[Stored dataset items]
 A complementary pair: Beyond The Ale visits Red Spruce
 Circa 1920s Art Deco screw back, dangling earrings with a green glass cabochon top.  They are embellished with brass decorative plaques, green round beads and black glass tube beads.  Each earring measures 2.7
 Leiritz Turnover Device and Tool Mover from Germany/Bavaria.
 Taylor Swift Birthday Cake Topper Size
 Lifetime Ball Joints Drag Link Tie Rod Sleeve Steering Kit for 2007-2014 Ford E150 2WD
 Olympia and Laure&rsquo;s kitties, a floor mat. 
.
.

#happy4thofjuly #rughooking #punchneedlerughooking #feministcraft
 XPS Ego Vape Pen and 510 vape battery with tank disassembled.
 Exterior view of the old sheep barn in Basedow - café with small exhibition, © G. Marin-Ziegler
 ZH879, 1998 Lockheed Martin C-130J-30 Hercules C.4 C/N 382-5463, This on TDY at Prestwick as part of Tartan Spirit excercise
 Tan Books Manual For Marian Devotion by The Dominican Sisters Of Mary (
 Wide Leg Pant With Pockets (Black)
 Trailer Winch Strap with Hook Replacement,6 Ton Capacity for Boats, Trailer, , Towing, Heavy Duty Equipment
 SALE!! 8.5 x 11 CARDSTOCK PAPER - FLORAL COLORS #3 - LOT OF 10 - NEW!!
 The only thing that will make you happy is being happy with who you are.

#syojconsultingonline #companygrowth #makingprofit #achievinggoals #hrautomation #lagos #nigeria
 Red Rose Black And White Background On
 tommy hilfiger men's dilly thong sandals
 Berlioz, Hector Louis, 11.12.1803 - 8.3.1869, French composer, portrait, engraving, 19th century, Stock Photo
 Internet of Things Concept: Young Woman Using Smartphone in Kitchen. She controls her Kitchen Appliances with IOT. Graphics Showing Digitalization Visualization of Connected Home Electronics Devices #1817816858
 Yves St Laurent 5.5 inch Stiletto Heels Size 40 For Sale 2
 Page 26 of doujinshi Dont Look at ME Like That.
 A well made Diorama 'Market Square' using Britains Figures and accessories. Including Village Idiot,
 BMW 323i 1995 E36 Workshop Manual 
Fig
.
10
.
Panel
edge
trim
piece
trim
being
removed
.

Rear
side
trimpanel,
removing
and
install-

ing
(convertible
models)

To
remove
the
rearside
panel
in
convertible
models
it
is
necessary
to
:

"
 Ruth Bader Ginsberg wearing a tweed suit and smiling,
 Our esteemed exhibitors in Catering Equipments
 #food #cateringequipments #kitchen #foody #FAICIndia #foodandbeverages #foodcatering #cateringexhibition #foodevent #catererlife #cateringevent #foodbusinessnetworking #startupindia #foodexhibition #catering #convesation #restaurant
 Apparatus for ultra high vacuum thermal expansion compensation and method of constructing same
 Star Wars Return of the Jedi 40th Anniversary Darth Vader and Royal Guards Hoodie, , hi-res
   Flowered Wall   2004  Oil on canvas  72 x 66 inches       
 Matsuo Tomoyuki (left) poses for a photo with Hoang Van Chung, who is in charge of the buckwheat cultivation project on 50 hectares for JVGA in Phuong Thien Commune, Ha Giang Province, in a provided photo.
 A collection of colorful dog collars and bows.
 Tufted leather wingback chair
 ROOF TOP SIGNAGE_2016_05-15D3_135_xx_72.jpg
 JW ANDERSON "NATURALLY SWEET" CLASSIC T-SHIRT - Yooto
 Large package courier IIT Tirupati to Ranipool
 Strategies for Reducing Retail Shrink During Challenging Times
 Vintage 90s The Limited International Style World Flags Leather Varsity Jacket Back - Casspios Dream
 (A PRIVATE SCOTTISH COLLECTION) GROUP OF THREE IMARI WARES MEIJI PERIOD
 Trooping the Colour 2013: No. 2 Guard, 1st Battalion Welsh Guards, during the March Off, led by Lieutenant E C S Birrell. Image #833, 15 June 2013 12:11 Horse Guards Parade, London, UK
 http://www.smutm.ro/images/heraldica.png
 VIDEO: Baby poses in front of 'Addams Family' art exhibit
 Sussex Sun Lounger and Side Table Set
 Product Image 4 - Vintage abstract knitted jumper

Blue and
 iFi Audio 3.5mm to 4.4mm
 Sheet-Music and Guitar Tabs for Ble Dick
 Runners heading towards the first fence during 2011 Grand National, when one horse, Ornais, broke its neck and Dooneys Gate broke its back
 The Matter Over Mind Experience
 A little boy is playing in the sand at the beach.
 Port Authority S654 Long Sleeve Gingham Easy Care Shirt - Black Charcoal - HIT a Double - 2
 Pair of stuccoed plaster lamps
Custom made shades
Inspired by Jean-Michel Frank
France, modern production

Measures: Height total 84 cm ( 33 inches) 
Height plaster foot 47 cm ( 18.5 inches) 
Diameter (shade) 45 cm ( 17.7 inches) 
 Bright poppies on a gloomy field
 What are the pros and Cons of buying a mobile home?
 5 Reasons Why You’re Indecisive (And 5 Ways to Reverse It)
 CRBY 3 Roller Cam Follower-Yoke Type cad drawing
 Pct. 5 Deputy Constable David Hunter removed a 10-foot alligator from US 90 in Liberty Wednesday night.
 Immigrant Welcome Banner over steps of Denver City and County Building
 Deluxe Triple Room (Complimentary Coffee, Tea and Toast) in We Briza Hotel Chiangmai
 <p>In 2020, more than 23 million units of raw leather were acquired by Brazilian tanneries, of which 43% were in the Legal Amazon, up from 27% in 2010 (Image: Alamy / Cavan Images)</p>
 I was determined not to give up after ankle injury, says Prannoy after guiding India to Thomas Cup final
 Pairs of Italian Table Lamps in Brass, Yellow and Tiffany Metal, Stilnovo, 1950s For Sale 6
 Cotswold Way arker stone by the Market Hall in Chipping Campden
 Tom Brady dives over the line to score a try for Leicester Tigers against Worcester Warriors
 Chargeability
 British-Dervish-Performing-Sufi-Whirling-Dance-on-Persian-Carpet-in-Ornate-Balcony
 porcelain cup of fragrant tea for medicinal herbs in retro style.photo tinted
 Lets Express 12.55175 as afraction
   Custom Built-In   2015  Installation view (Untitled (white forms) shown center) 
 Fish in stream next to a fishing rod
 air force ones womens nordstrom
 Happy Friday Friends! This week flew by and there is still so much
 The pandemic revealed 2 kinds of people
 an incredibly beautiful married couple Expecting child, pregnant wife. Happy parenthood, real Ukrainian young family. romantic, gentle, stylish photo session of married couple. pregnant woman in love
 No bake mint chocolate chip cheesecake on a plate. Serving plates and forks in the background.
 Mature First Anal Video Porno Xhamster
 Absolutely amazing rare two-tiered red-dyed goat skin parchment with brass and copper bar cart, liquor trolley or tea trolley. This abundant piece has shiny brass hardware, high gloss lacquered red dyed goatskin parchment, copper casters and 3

### About this task
In full and without error, retype the entries above.

### Exercise result
 A complementary pair: Beyond The Ale visits Red Spruce
 Circa 1920s Art Deco screw back, dangling earrings with a green glass cabochon top.  They are embellished with brass decorative plaques, green round beads and black glass tube beads.  Each earring measures 2.7
 Leiritz Turnover Device and Tool Mover from Germany/Bavaria.
 Taylor Swift Birthday Cake Topper Size
 Lifetime Ball Joints Drag Link Tie Rod Sleeve Steering Kit for 2007-2014 Ford E150 2WD
 Olympia and Laure&rsquo;s kitties, a floor mat. 
.
.

#happy4thofjuly #rughooking #punchneedlerughooking #feministcraft
 XPS Ego Vape Pen and 510 vape battery with tank disassembled.
 Exterior view of the old sheep barn in Basedow - café with small exhibition, © G. Marin-Ziegler
 ZH879, 1998 Lockheed Martin C-130J-30 Hercules C.4 C/N 382-5463, This on TDY at Prestwick as part of Tartan Spirit excercise
 Tan Books Manual For Marian Devotion by The Dominican Sisters Of Mary (
 Wide Leg Pant With Pockets (Black)
 Trailer Winch Strap with Hook Replacement,6 Ton Capacity for Boats, Trailer, , Towing, Heavy Duty Equipment
 SALE!! 8.5 x 11 CARDSTOCK PAPER - FLORAL COLORS #3 - LOT OF 10 - NEW!!
 The only thing that will make you happy is being happy with who you are.

#syojconsultingonline #companygrowth #makingprofit #achievinggoals #hrautomation #lagos #nigeria
 Red Rose Black And White Background On
 tommy hilfiger men's dilly thong sandals
 Berlioz, Hector Louis, 11.12.1803 - 8.3.1869, French composer, portrait, engraving, 19th century, Stock Photo
 Internet of Things Concept: Young Woman Using Smartphone in Kitchen. She controls her Kitchen Appliances with IOT. Graphics Showing Digitalization Visualization of Connected Home Electronics Devices #1817816858
 Yves St Laurent 5.5 inch Stiletto Heels Size 40 For Sale 2
 Page 26 of doujinshi Dont Look at ME Like That.
 A well made Diorama 'Market Square' using Britains Figures and accessories. Including Village Idiot,
 BMW 323i 1995 E36 Workshop Manual 
Fig
.
10
.
Panel
edge
trim
piece
trim
being
removed
.

Rear
side
trimpanel,
removing
and
install-

ing
(convertible
models)

To
remove
the
rearside
panel
in
convertible
models
it
is
necessary
to
:

"
 Ruth Bader Ginsberg wearing a tweed suit and smiling,
 Our esteemed exhibitors in Catering Equipments
 #food #cateringequipments #kitchen #foody #FAICIndia #foodandbeverages #foodcatering #cateringexhibition #foodevent #catererlife #cateringevent #foodbusinessnetworking #startupindia #foodexhibition #catering #convesation #restaurant
 Apparatus for ultra high vacuum thermal expansion compensation and method of constructing same
 Star Wars Return of the Jedi 40th Anniversary Darth Vader and Royal Guards Hoodie, , hi-res
   Flowered Wall   2004  Oil on canvas  72 x 66 inches       
 Matsuo Tomoyuki (left) poses for a photo with Hoang Van Chung, who is in charge of the buckwheat cultivation project on 50 hectares for JVGA in Phuong Thien Commune, Ha Giang Province, in a provided photo.
 A collection of colorful dog collars and bows.
 Tufted leather wingback chair
 ROOF TOP SIGNAGE_2016_05-15D3_135_xx_72.jpg
 JW ANDERSON "NATURALLY SWEET" CLASSIC T-SHIRT - Yooto
 Large package courier IIT Tirupati to Ranipool
 Strategies for Reducing Retail Shrink During Challenging Times
 Vintage 90s The Limited International Style World Flags Leather Varsity Jacket Back - Casspios Dream
 (A PRIVATE SCOTTISH COLLECTION) GROUP OF THREE IMARI WARES MEIJI PERIOD
 Trooping the Colour 2013: No. 2 Guard, 1st Battalion Welsh Guards, during the March Off, led by Lieutenant E C S Birrell. Image #833, 15 June 2013 12:11 Horse Guards Parade, London, UK
 http://www.smutm.ro/images/heraldica.png
 VIDEO: Baby poses in front of 'Addams Family' art exhibit
 Sussex Sun Lounger and Side Table Set
 Product Image 4 - Vintage abstract knitted jumper

Blue and
 iFi Audio 3.5mm to 4.4mm
 Sheet-Music and Guitar Tabs for Ble Dick
 Runners heading towards the first fence during 2011 Grand National, when one horse, Ornais, broke its neck and Dooneys Gate broke its back
 The Matter Over Mind Experience
 A little boy is playing in the sand at the beach.
 Port Authority S654 Long Sleeve Gingham Easy Care Shirt - Black Charcoal - HIT a Double - 2
 Pair of stuccoed plaster lamps
Custom made shades
Inspired by Jean-Michel Frank
France, modern production

Measures: Height total 84 cm ( 33 inches) 
Height plaster foot 47 cm ( 18.5 inches) 
Diameter (shade) 45 cm ( 17.7 inches) 
 Bright poppies on a gloomy field
 What are the pros and Cons of buying a mobile home?
 5 Reasons Why You’re Indecisive (And 5 Ways to Reverse It)
 CRBY 3 Roller Cam Follower-Yoke Type cad drawing
 Pct. 5 Deputy Constable David Hunter removed a 10-foot alligator from US 90 in Liberty Wednesday night.
 Immigrant Welcome Banner over steps of Denver City and County Building
 Deluxe Triple Room (Complimentary Coffee, Tea and Toast) in We Briza Hotel Chiangmai
 <p>In 2020, more than 23 million units of raw leather were acquired by Brazilian tanneries, of which 43% were in the Legal Amazon, up from 27% in 2010 (Image: Alamy / Cavan Images)</p>
 I was determined not to give up after ankle injury, says Prannoy after guiding India to Thomas Cup final
 Pairs of Italian Table Lamps in Brass, Yellow and Tiffany Metal, Stilnovo, 1950s For Sale 6
 Cotswold Way arker stone by the Market Hall in Chipping Campden
 Tom Brady dives over the line to score a try for Leicester Tigers against Worcester Warriors
 Chargeability
 British-Dervish-Performing-Sufi-Whirling-Dance-on-Persian-Carpet-in-Ornate-Balcony
 porcelain cup of fragrant tea for medicinal herbs in retro style.photo tinted
 Lets Express 12.55175 as afraction
   Custom Built-In   2015  Installation view (Untitled (white forms) shown center) 
 Fish in stream next to a fishing rod
 air force ones womens nordstrom
 Happy Friday Friends! This week flew by and there is still so much
 The pandemic revealed 2 kinds of people
 an incredibly beautiful married couple Expecting child, pregnant wife. Happy parenthood, real Ukrainian young family. romantic, gentle, stylish photo session of married couple. pregnant woman in love
 No bake mint chocolate chip cheesecake on a plate. Serving plates and forks in the background.
 Mature First Anal Video Porno Xhamster
 Absolutely amazing rare two-tiered red-dyed goat skin parchment with brass and copper bar cart, liquor trolley or tea trolley. This abundant piece has shiny brass hardware, high gloss lacquered red dyed goatskin parchment, copper casters and 3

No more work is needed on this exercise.